Smart Open Data Finally, and perhaps of most relevance to the Web of Things, a workshop held in March this year looked at Linking Geospatial Data. Run under the EC's Smart Open Data project, it was organized by W3C with the Open Geospatial Consortium, the UK Government, Ordnance Survey and Google. The outcome of the workshop was that there is a strong desire for a new working group to be formed in which OGC and W3C will work closely together.

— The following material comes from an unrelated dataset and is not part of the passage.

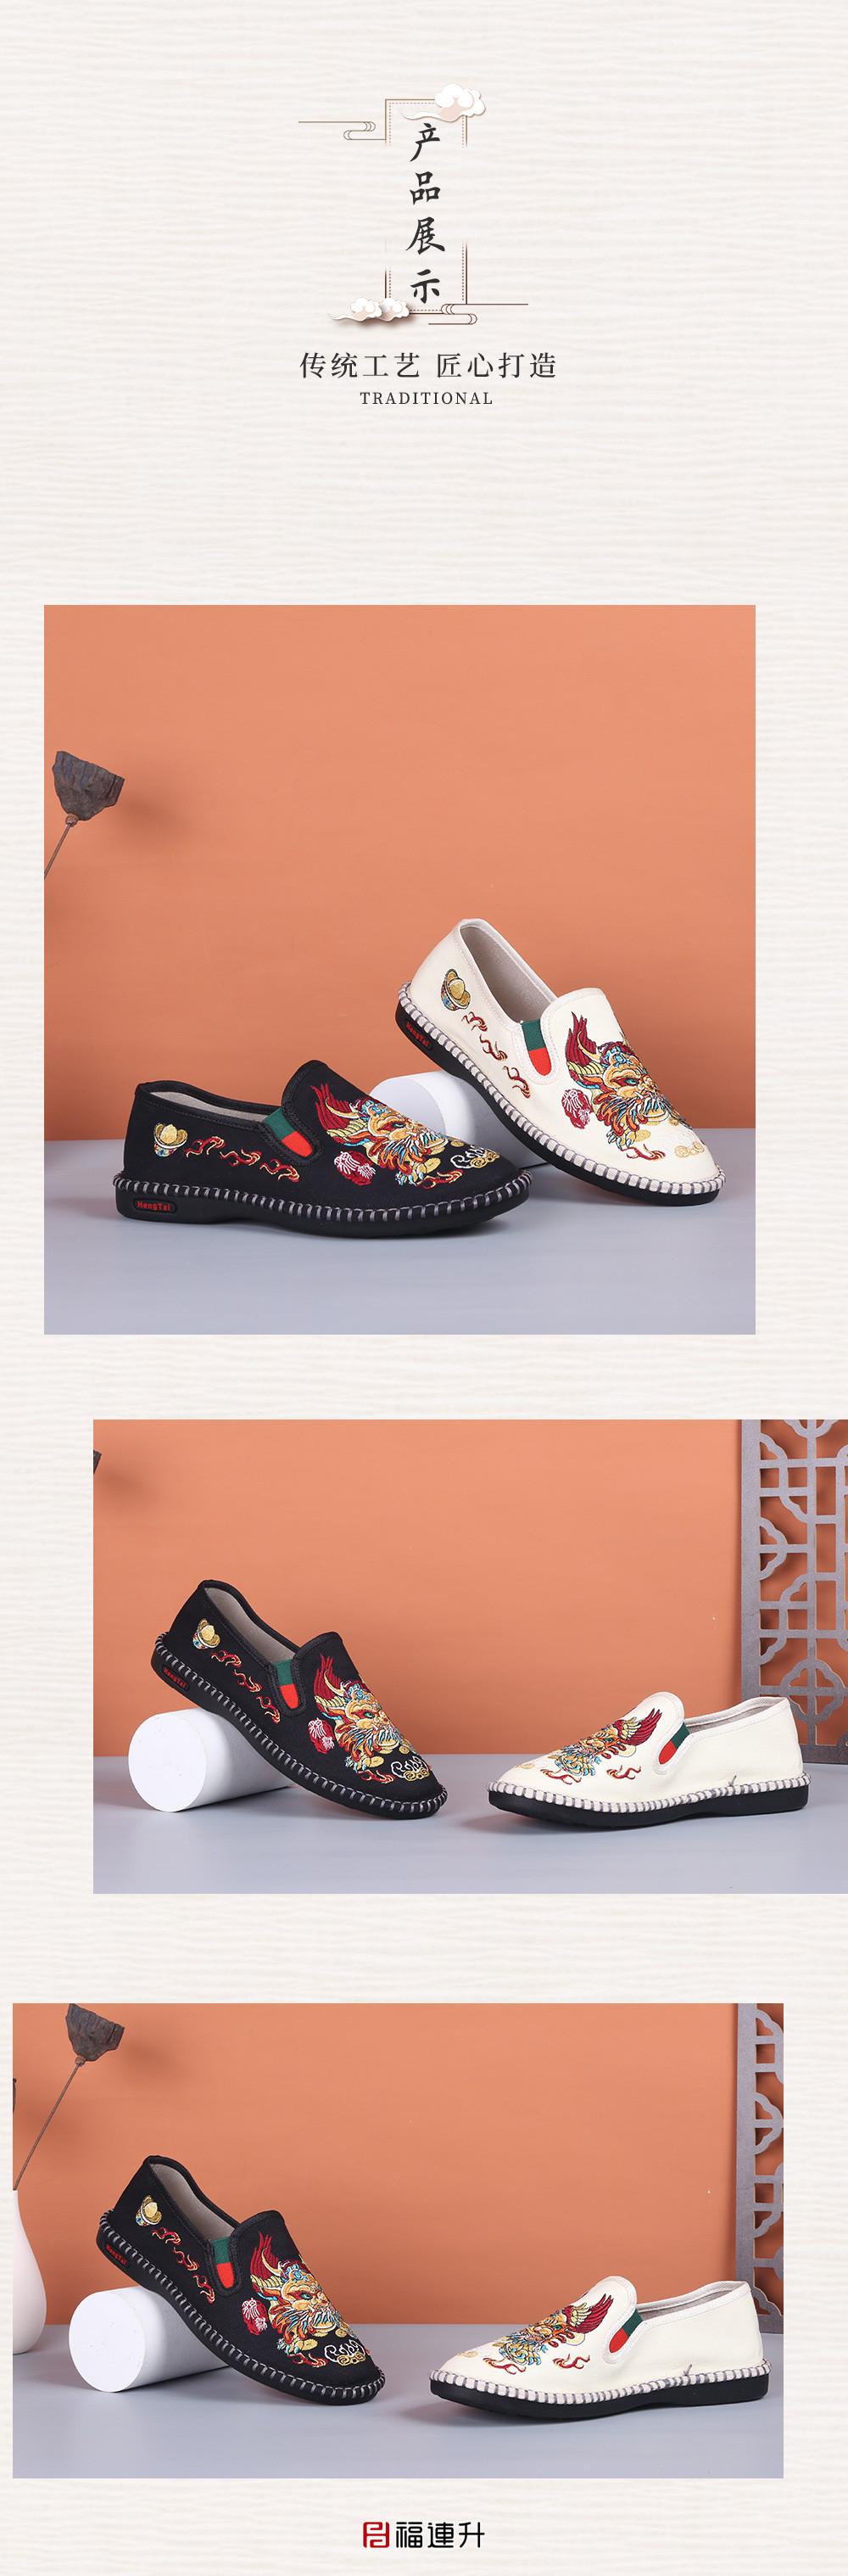 福连升老北京布鞋春男刺绣社会鞋子懒人一脚蹬潮流中国风图片

Among the deliverables being considered for the proposed new WG are full standards for:

  1. GeoJSON/GeoJSON-LD (in cooperation with the original authors);
  2. the OWL Time Ontology (stuck at Working Group Draft since 2006 but widely used);
  3. the Semantic Sensor Network Vocabulary (developed by a W3C Incubator Group in 2011).

What role should the Web of Things play in this (likely) work? NB. the likely WG under discussion here is separate from the Geolocation Working Group which is about to start work on a level 2 geolocation API to cover geofencing and a device orientation API.

Conclusion

The Web of Things promises a Web of Services built on top of the Web of Data. A lot of work is going on, or is already planned to be done, within the Data Activity. However, the use cases arising from the WoT are likely to be quite different from those coming from the open data movement, scientific research data and cultural heritage communities that form the majority of those involved already. Just as it is important for data not to be locked away in silos, it is important for the Web of Things community and the Web of Data communities not to be in separate rooms.